La pianta: Malus domestica
Il melo (Malus domestica) è una pianta diffusa e coltivata in tutto il mondo e se ne trovano molte varietà provenienti da incroci intervarietali e interspecifici. La specie fa parte della famiglia delle Rosacee e del sottogruppo delle pomacee (come pero e cotogno). Il termine pomacea ci indica che il frutto è un pomo, botanicamente sarebbe un falso frutto.
Guardando i frutteti troviamo meli di piccole dimensioni, perché la coltivazione razionale ne contiene lo sviluppo per praticità di raccolta e di gestione della pianta. Si possono però trovare vecchi alberi di melo alti 10-12 metri.
Clima e terreno ideali
Il melo è una pianta adatta ad ambienti temperati o freddi: in inverno è capace di tollerare temperature fino a – 25°C, per questo vegeta bene anche ad alta quota, oltre i 1000 metri.
Terreno adatto
Il melo non è particolarmente esigente in fatto di terreno, anche perché ci sono diversi portinnesti che si adattano alle svariate situazioni pedologiche, l’importante è che non ci sia troppo calcare.

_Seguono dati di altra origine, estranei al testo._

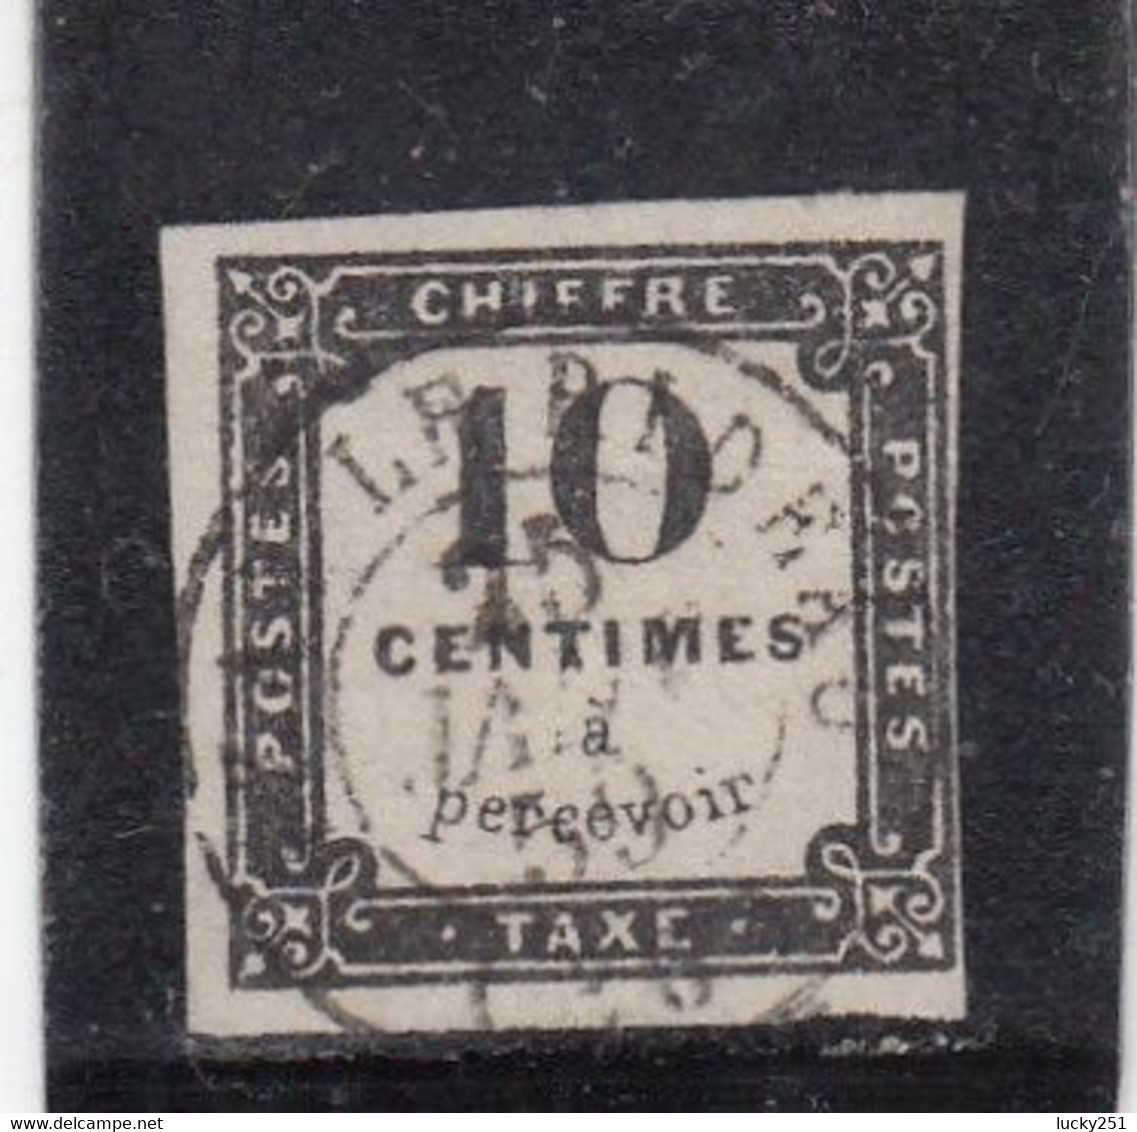 France - Taxe - Année 1859 - Oblitéré - N°YT 1 - 10c Noir - Lithographie - 1859-1959 Used

Una buona disponibilità di calcio (elemento presente nel calcare) tuttavia è fondamentale per evitare il fenomeno della butteratura amara, per questo in caso di frutteti professionali è meglio fare un’analisi del terreno prima dell’impianto, per verificarne la presenza. La quantità di calcio dipende molto dal pH: se il terreno è acido, il calcio è carente.
Il fabbisogno di freddo
Una delle esigenze climatiche più importanti per la coltivazione di molte varietà di melo è proprio un buon fabbisogno in freddo, ovvero l’accumulo di ore a temperature comprese tra 0 e 14 °C, con l’ottimo a 7 °C. Questo freddo invernale è necessario a far risvegliare le gemme dell’albero dalla dormienza nella primavera successiva. Il melo ha bisogno mediamente di 1000 “unità di freddo” in inverno, si calcolano 1 unità per ogni ora a 7 gradi.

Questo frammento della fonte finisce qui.